Revisiting Shell Concurrency (this time in ZSH) // galvanist

I’ve been thinking about concurrency in the command shell again. This was prompted by my ongoing transition from Bash to ZSH. I’ve decided to re-implement my conc and xconc functions in a slightly different way.

Intro

Lets say you have 50 data files to compress. Here’s one way:

% xz *.dat
<< completed in 2 minutes, 4 seconds >>          
%

That’s not bad, but it doesn’t really take advantage of all those fancy cores we have in our computers these days. Let’s run multiple xz jobs as-parallel-as-possible, so that each file gets its own xz process.

% for f in *.dat; do
for> xz $f &
for> done; wait

# job monitoring info excluded here for blog readability

<< completed in 1 minute, 37 seconds >>                                                                                                                        
%

Not too bad. It actually took less time (78% of the single-process baseline) but in the process it really bogged down the system. If there were more than 50 files it would have been much much worse or even impossible.

concblock

What if we could easily limit the concurrency to a reasonable level? This is where concblock comes in. In this context it blocks the for loop, preventing it from creating any more xz processes until some have finished. Here’s the previous example repeated, this time including concblock:

% for f in *.dat; do
for> xz $f &
for> concblock 
for> done; wait

# job monitoring info excluded here for blog readability
	
<< completed in 1 minute, 7 seconds >>                                                                                                                          
%

An improvement! It took much less time (54% of the single-process baseline) and the system load stayed low. The whole idea here is to use the shell’s own job control infrastructure to make it easy to parallelize common shell tasks. I do a reasonable amount of on-the-fly for and while loops on the command line, so this can really help in those situations.
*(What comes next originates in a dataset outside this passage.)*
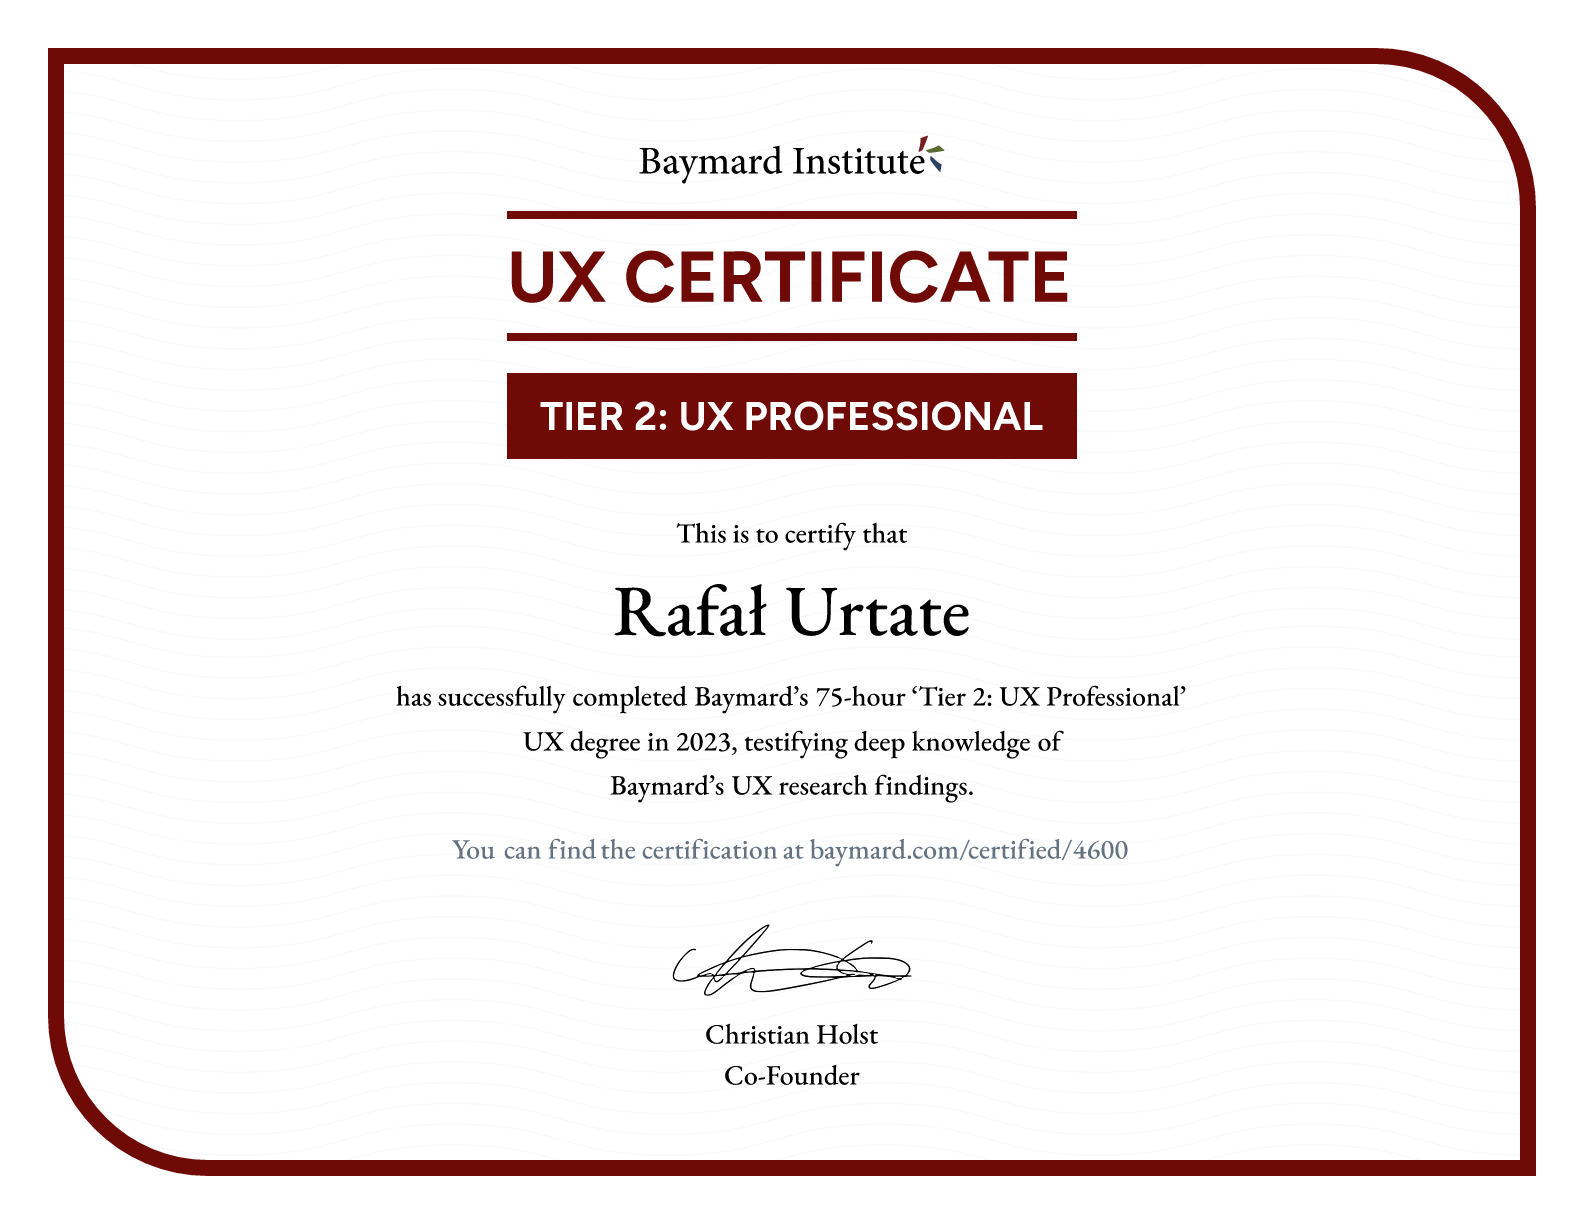 Rafał Urtate’s certificate
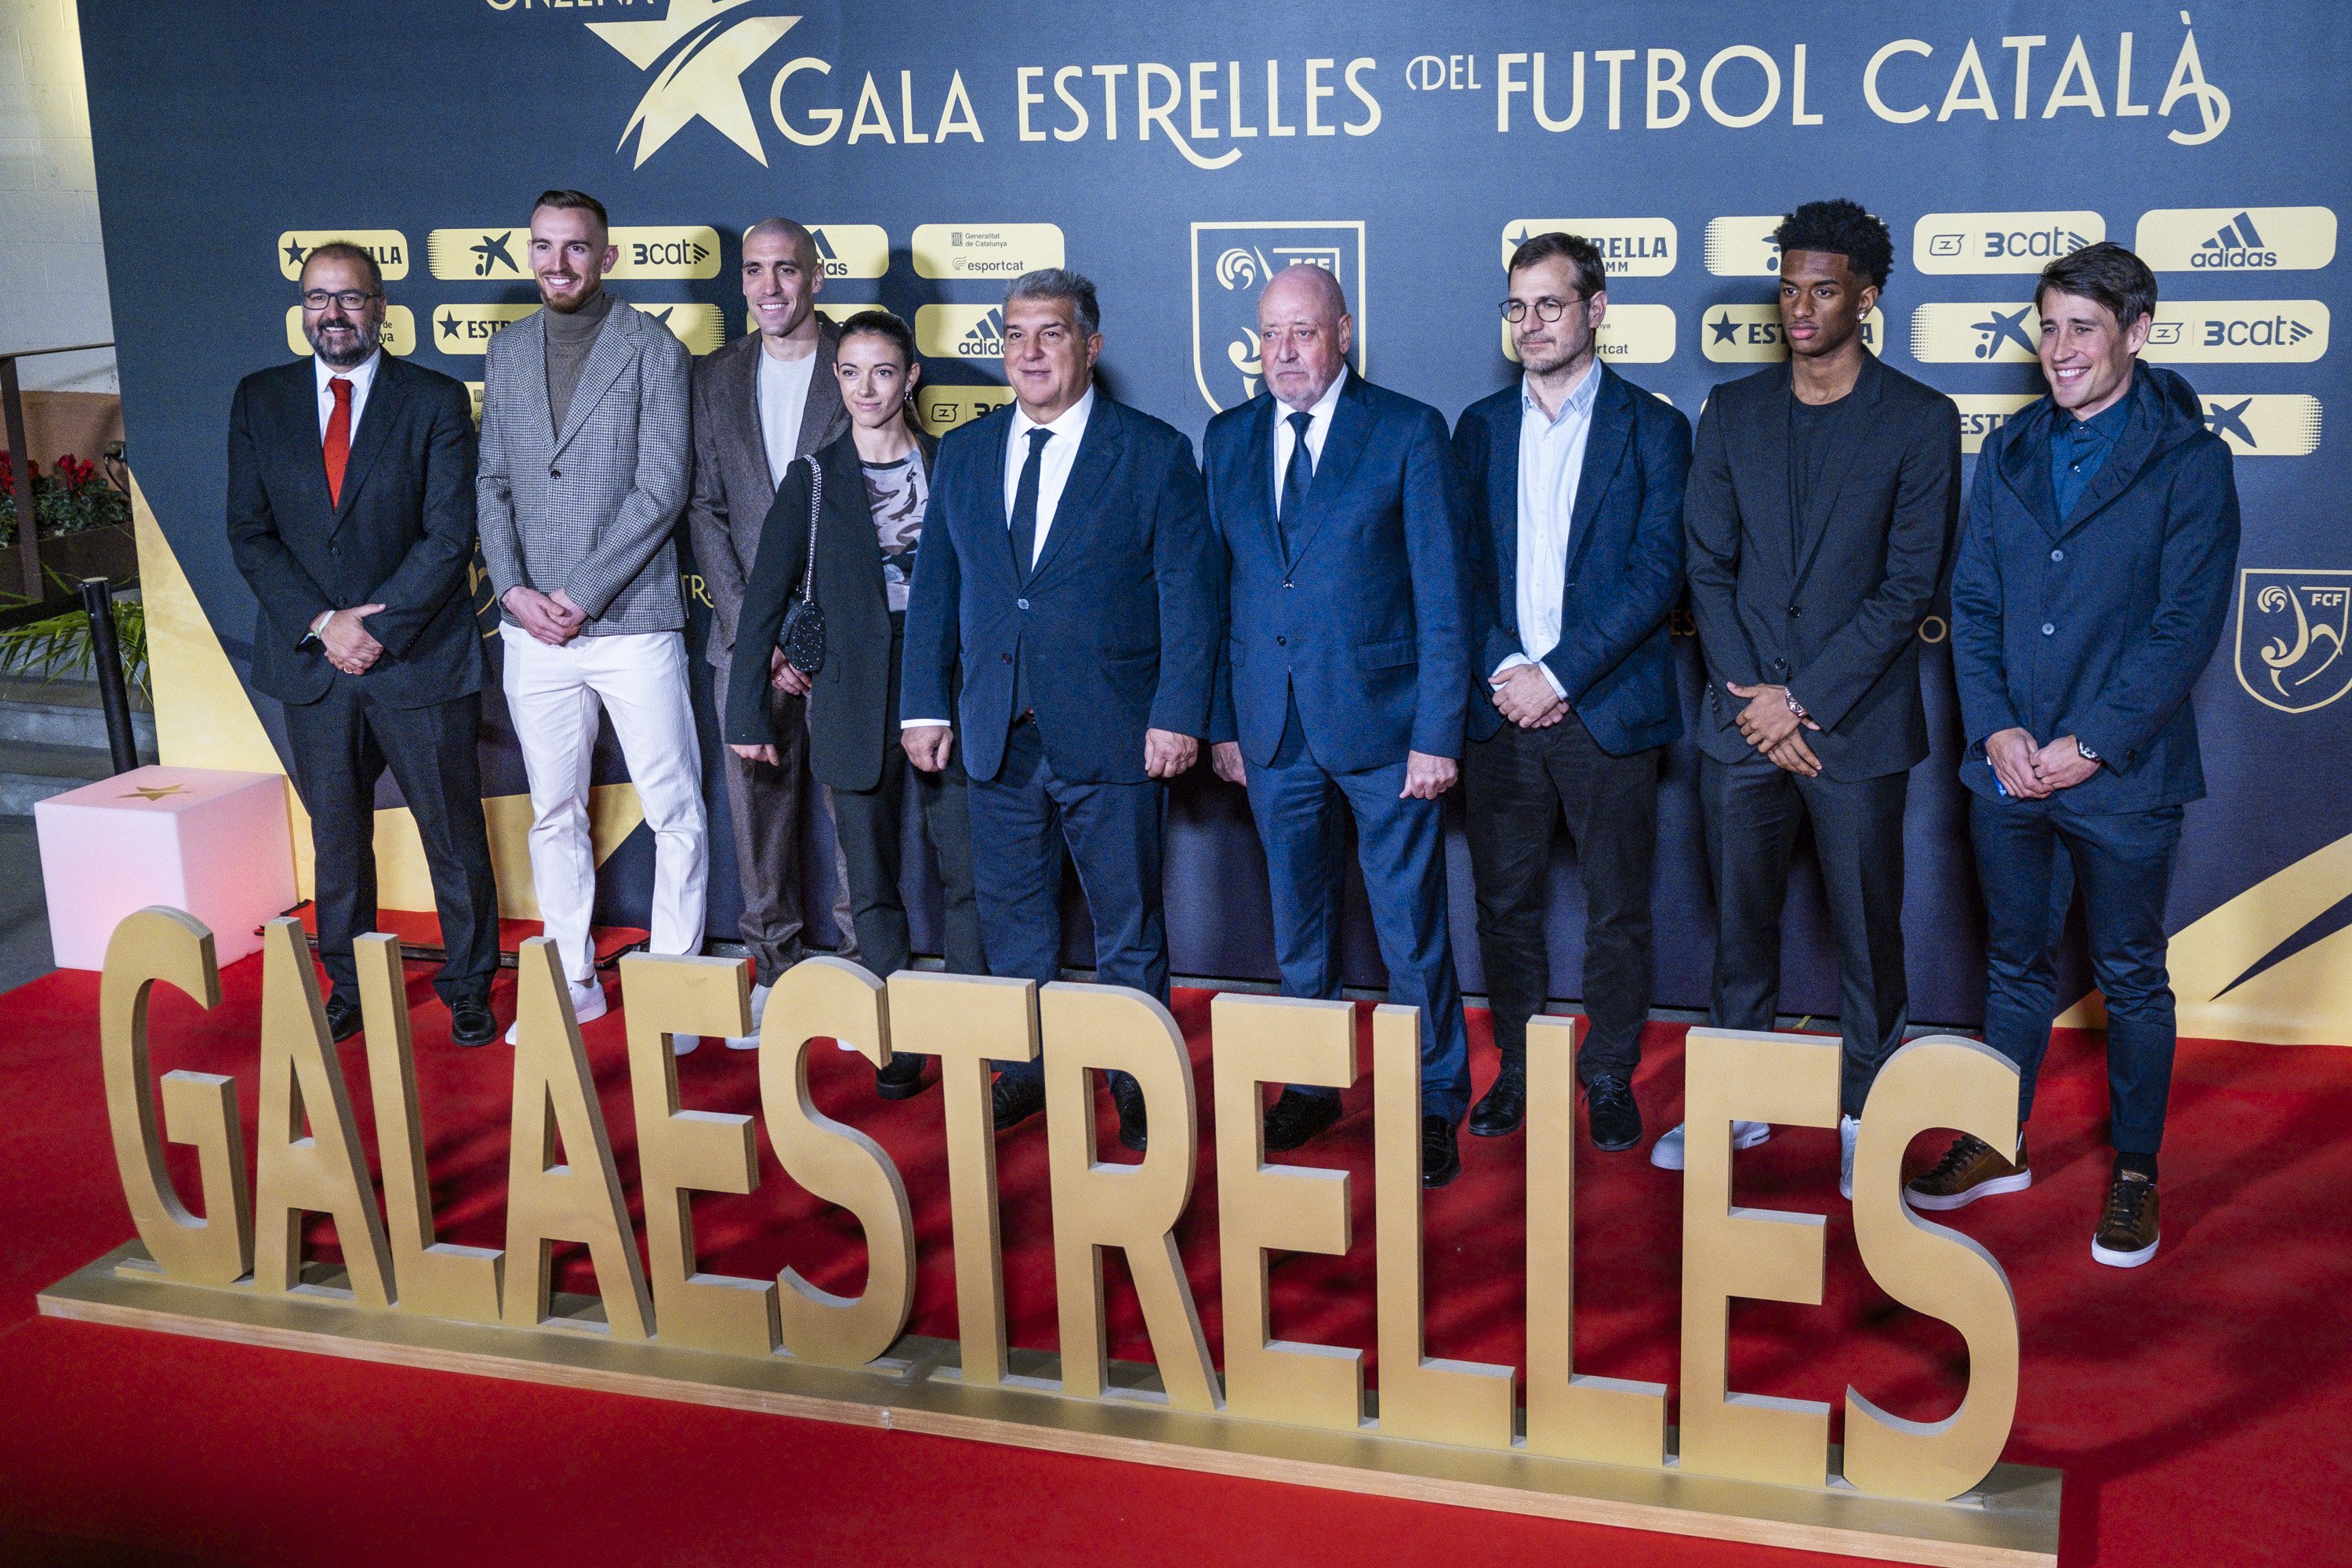 Las estrellas del fútbol catalán se alinean: Aitana Bonmatí y Oriol Romeu, protagonistas absolutos

Here’s my code for concblock:

if ! is_function concblock; then
    export CONC_MAX=${CONC_MAX:-2}
    zmodload zsh/parameter
    zmodload zsh/zselect
	
    function concblock () { 
        CONC_MAX=${CONC_MAX:-2}
	
        # Block until there is an open slot
        if [[ ${#jobstates} -ge $CONC_MAX ]]; then
            while; do
                zselect -t 20
                if [[ ${#jobstates} -lt $CONC_MAX ]]; then
                    break
                fi
            done
        fi;
	
        return 0
    }
fi

One notable thing about concblock is that it does not use the shell’s built-in wait function. Instead it uses two very powerful zsh modules; parameter, which gives me information about job states, and zselect, which I’m using as a high-resolution built-in sleep command. With the combination of these two modules I can wait for individual subprocesses to exit and I don’t have to call out to external programs like sleep. In an ideal world, there would be a way to wait for specific signals, like SIGCHLD, or the built-in wait function would give me the option to wait for any child process to exit; unfortunately those don’t currently seem to be options.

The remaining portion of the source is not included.